Sparrows operates a simple business model. Accordingly, many of the specific risks identified by the FCA do not apply.
Pillar 1 requirement
In accordance with the FCA rule GENPRU 2.1.45R (calculation of variable capital requirement for a BIPRU firm), Sparrows’ capital requirement has been determined as being its fixed overhead requirement and not the sum of its credit risk capital requirement and its market risk capital requirement.
The Pillar 1 capital requirement for Sparrows was £260,000 as at 31 December 2017.
Pillar 2 requirement
Sparrows’ overall approach to assessing the adequacy of its internal capital is set out in its ICAAP report. The ICAAP involves separate consideration of risks to Sparrows’ capital, combined with stress testing using scenario analysis. The level of capital required to cover risks is a function of impact and probability. Sparrows assesses impact by modelling the changes in its income and expenses caused by various potential risks over a 1-year time horizon. Probability is assessed subjectively. In addition, Sparrows has reviewed the outputs of its risk reviews to quantify any risks identified. This has identified a number of key business risks, which (having reviewed the guidance in BIPRU 2.2.61-65) Sparrows has classified against the risk categories outlined in FCA rule GENPRU 1.2.30R.
Sparrows Pillar 2 capital requirement, which is its own assessment of the minimum amount of capital that it believe is adequate against the risks identified, has been assessed as greater than its Pillar 1 requirement.
There is a considerable surplus of reserves above the capital resource requirement deemed necessary to cover the risks identified.

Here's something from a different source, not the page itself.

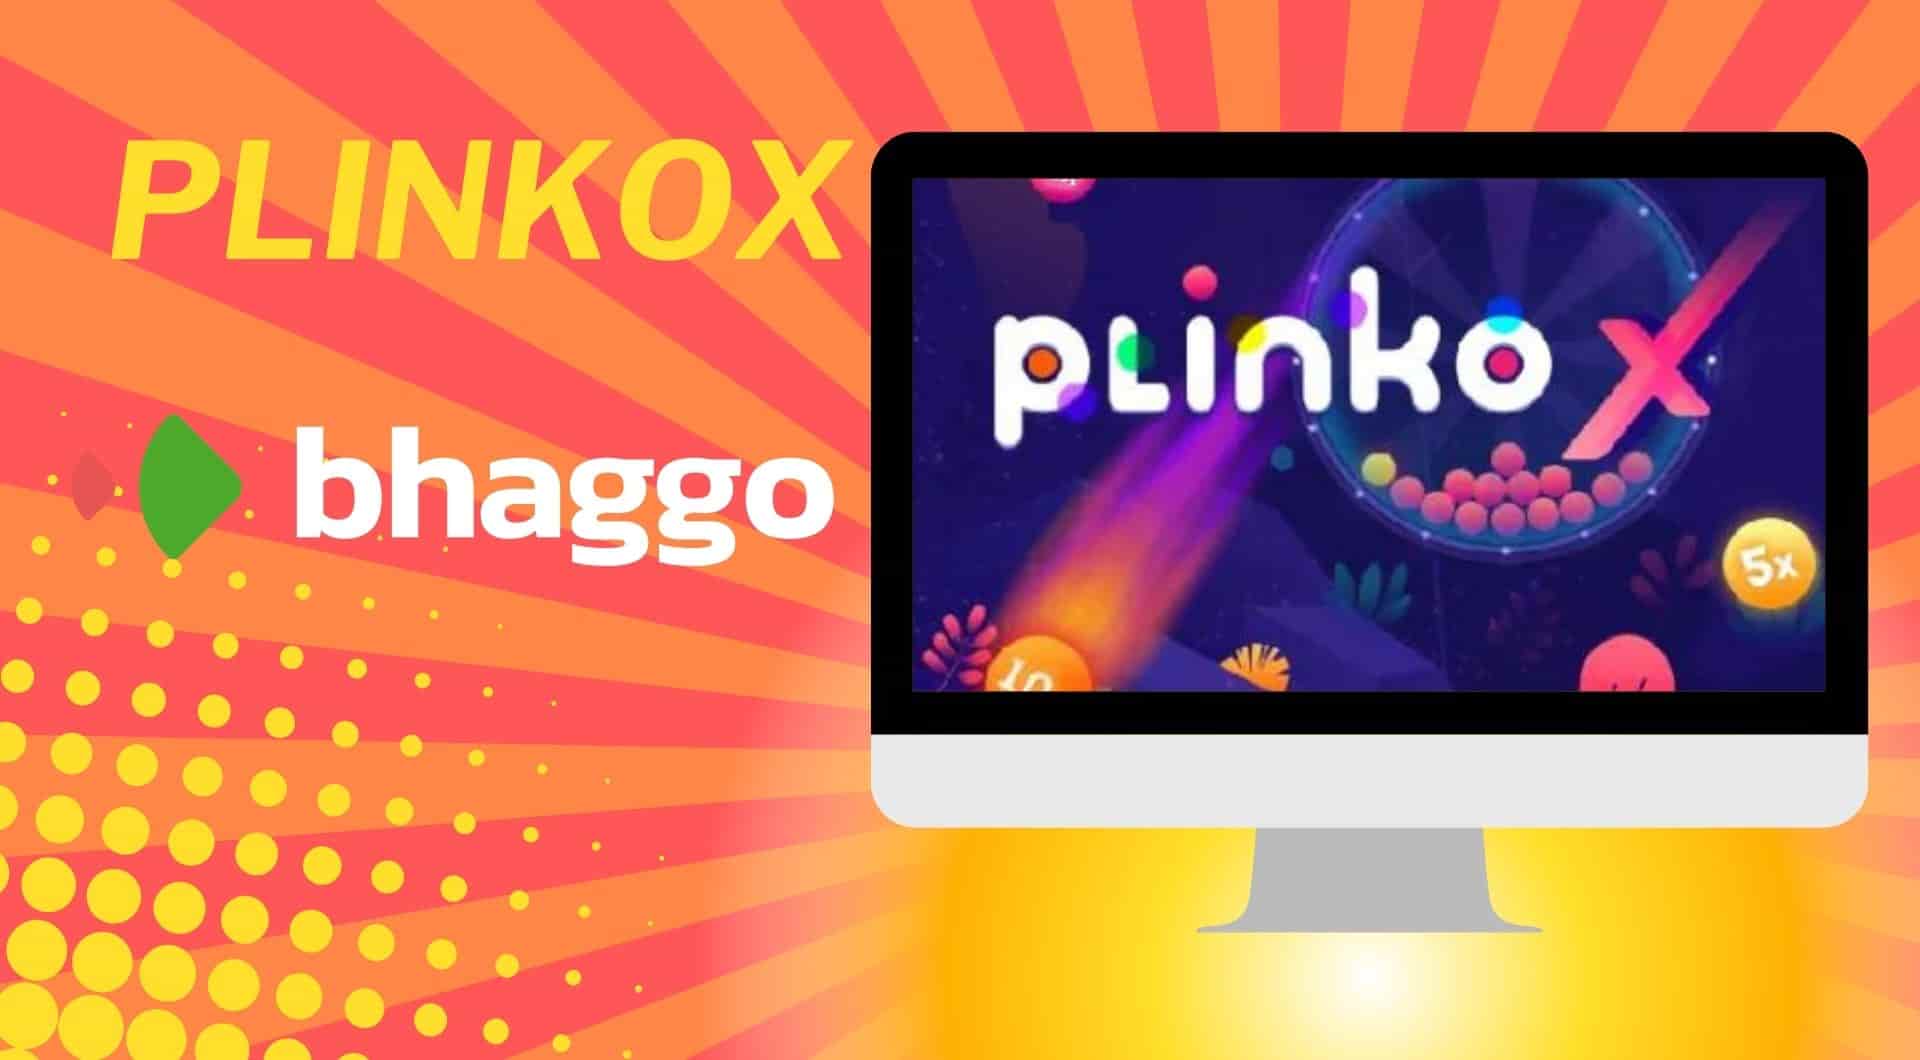 PlinkoX casino game information in Bangladesh

The main features of Sparrows’ capital resources for regulatory purposes, as at 31 December 2017 are as follows:
|Tier 1 capital (called up share capital, share premium account, profit and loss account, externally verified interim net profits)||909|
|Total of Tier 2 and Tier 3 capital (broadly long and short term subordinated loans)||–|
|Deductions from Tier 1 and Tier 2 capital||–|
|Total capital resources, net of deductions||909
Sparrows holds regulatory capital in accordance with the CRD. All such capital is classified as Tier 1 capital and is therefore of the highest quality.
Remuneration Code Disclosures
Sparrows is subject to the BIPRU Remuneration Code. This section provides further information on Sparrows’ remuneration policy.
BIPRU Remuneration Code Staff
Sparrows has identified, and maintains a record of, BIPRU Remuneration Code staff (“Code staff”), i.e. staff to whom the BIPRU Remuneration Code applies. This includes senior management and members of staff whose actions may have a material impact on Sparrows’ risk profile. All of Sparrows’ Code staff fall into the “senior management” category of Code staff (rather than the “risk taker” category) for the purposes of the BIPRU Remuneration Code.
Decision Making / Remuneration Committee
Sparrows does not have a Remuneration Committee. The Board is responsible for Sparrows’ remuneration policy including:
In determining remuneration arrangements, the Board will give due regard to best practice and any relevant legal or regulatory requirements including the BIPRU Remuneration Code.
Link between pay & performance
Competitive salaries form the basis of Sparrows’ remuneration package. There is no variable pay element.
Quantitative information on remuneration
The FCA rules require certain firms to disclose aggregate information on remuneration in respect of its BIPRU Remuneration Code staff broken down by business area, senior management and other Code staff, including “risk takers”.
Sparrows has only one business area – investment management & advice.
Sparrows has 3 Directors but no “risk takers”. Director remuneration is agreed formally at Board meetings. The link between performance and pay is inevitable in a small firm, but Sparrows’ risk adverse strategy and robust risk management systems mitigate any risks.